*RAW DATA:*
________________________________________

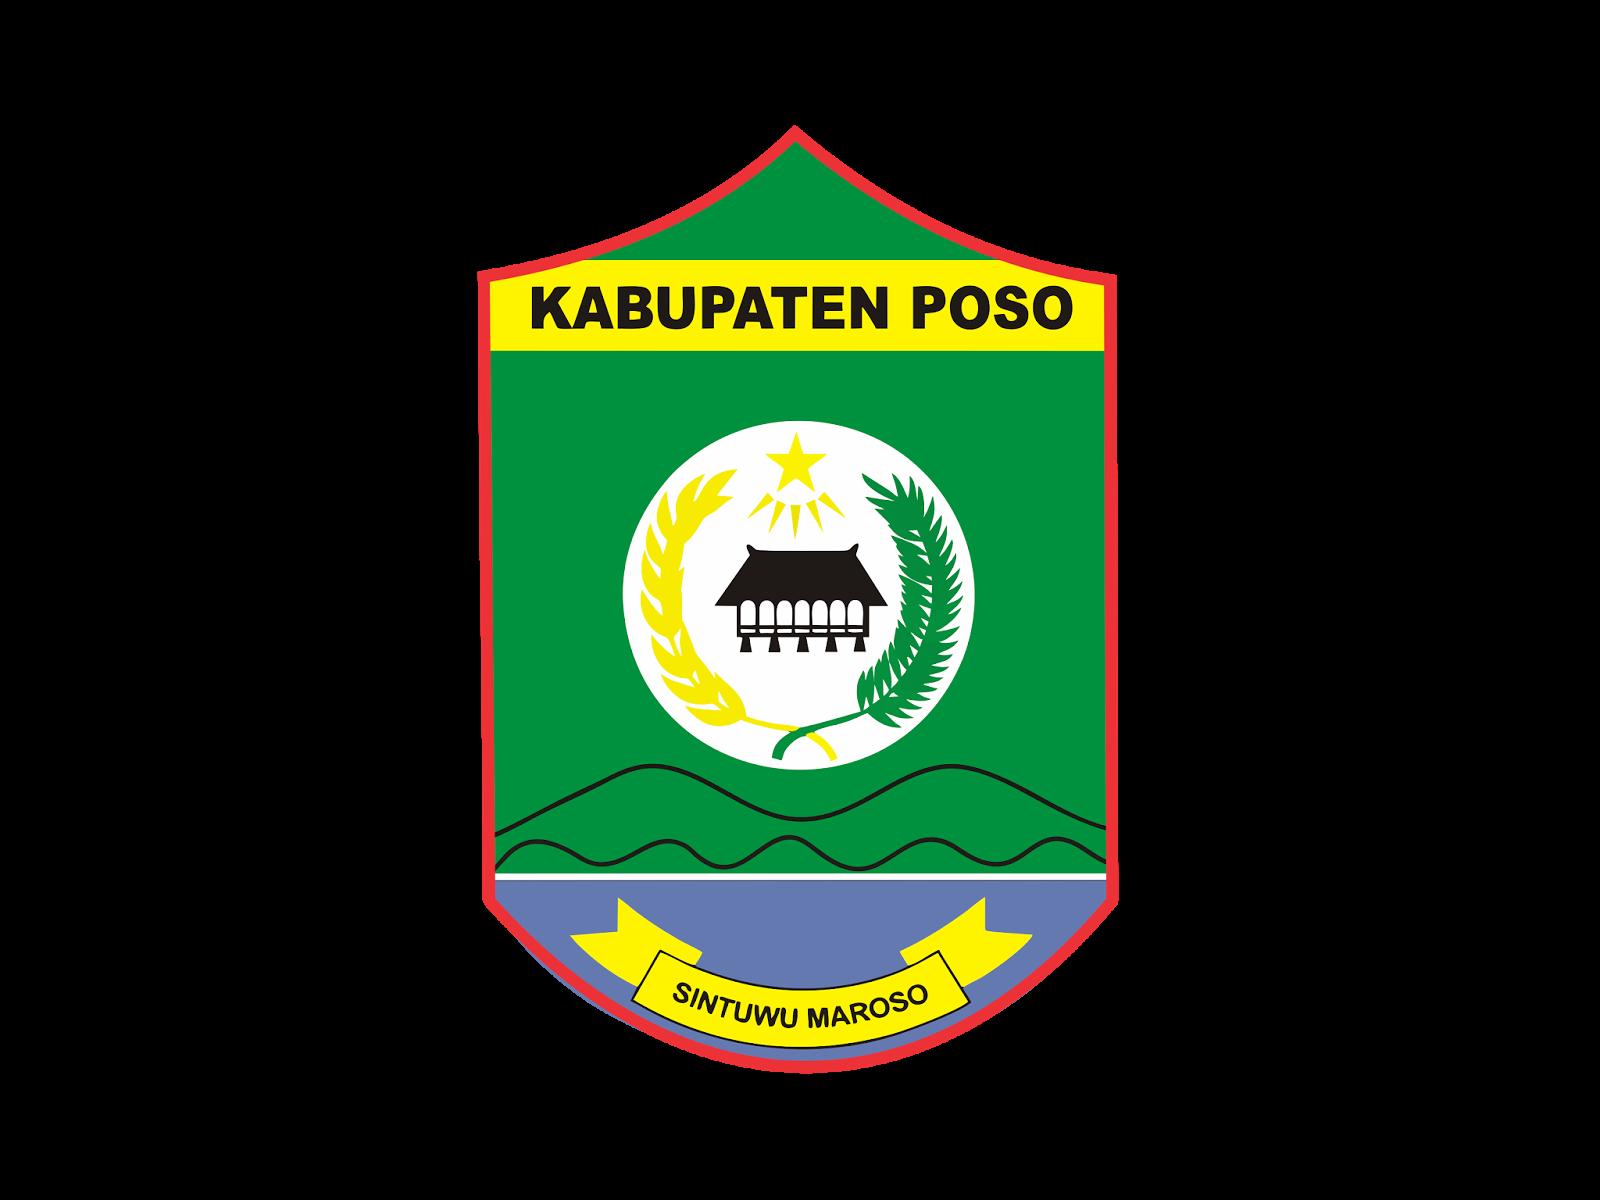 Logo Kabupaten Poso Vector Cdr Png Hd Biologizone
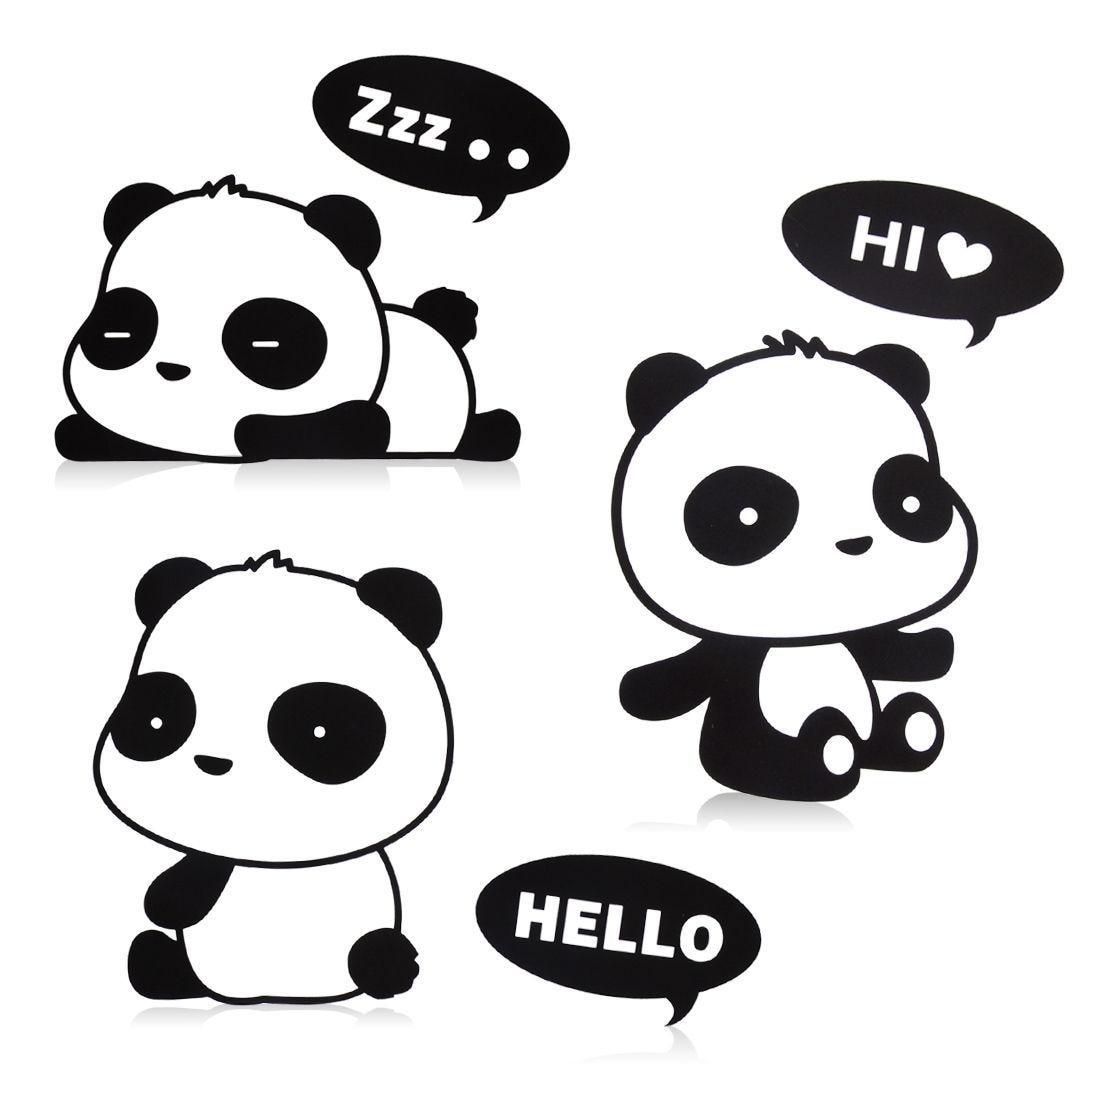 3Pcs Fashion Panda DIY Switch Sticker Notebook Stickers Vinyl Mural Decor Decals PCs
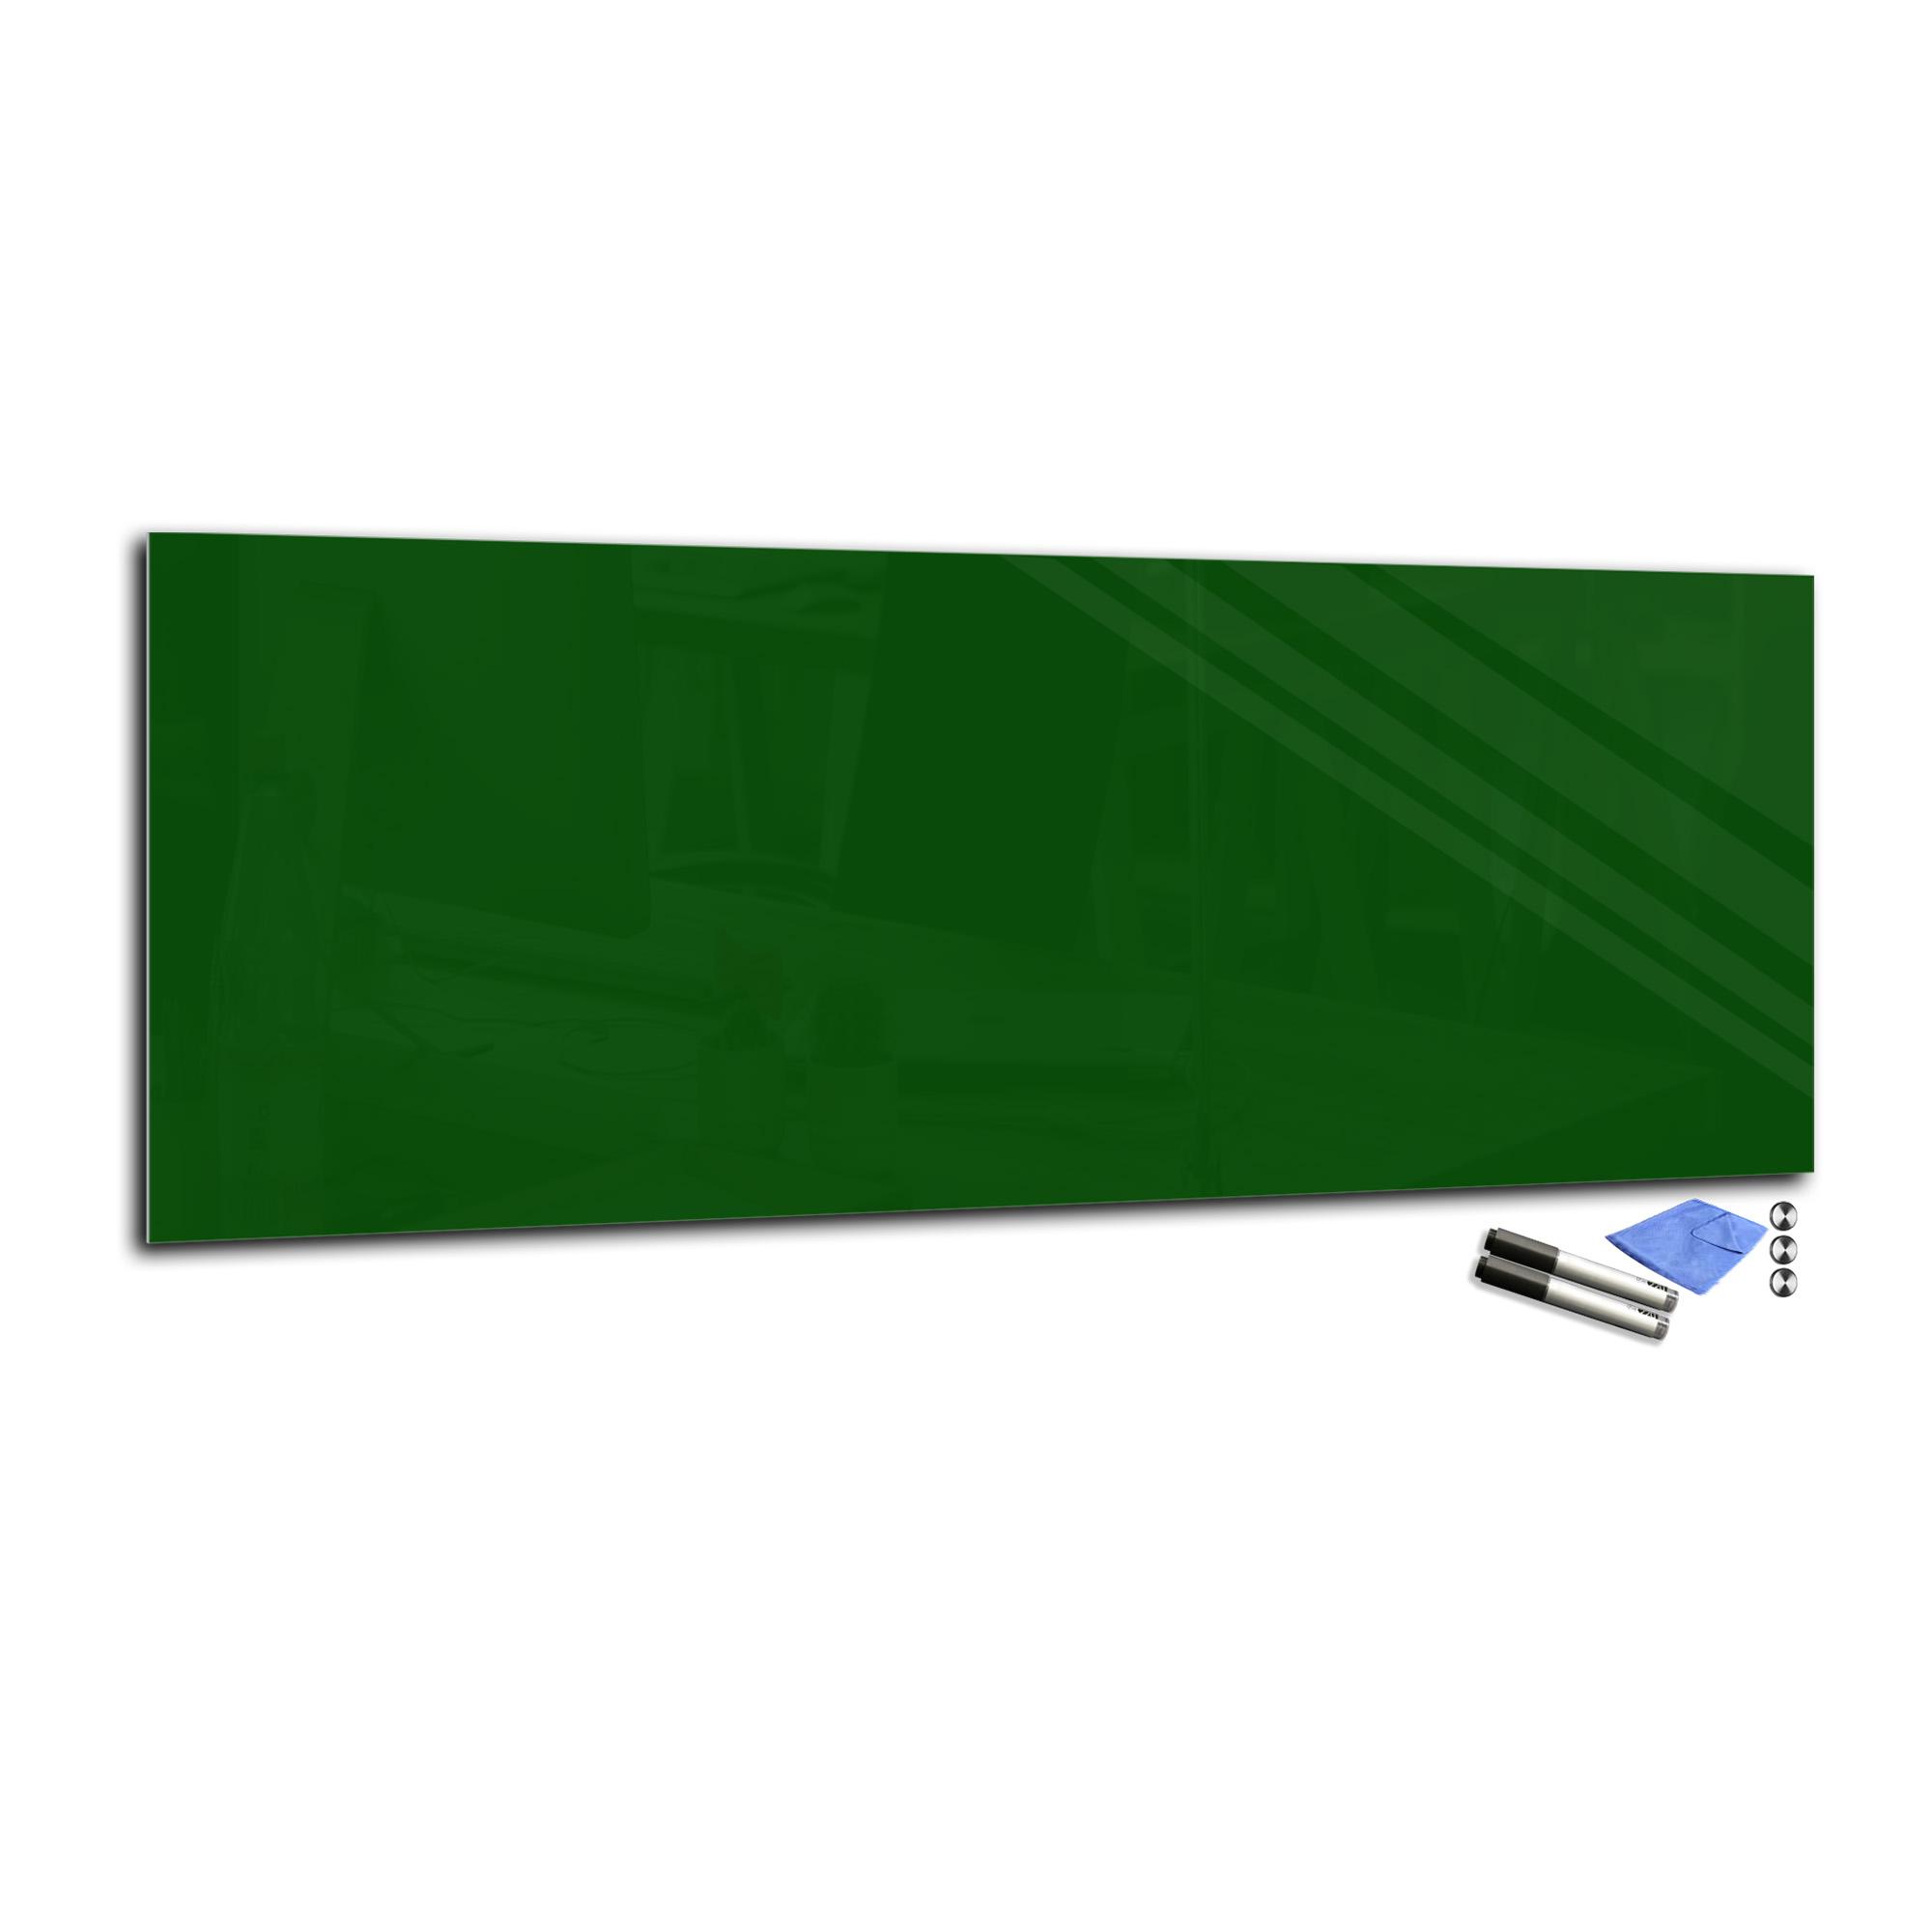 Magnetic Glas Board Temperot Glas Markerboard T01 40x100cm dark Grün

________________________________________

*WORK REQUEST:*
Pictures stay out of the copy; print the material above exactly.

*ANSWER TO THIS EXERCISE:*
 Logo Kabupaten Poso Vector Cdr Png Hd Biologizone
 3Pcs Fashion Panda DIY Switch Sticker Notebook Stickers Vinyl Mural Decor Decals PCs
 Magnetic Glas Board Temperot Glas Markerboard T01 40x100cm dark Grün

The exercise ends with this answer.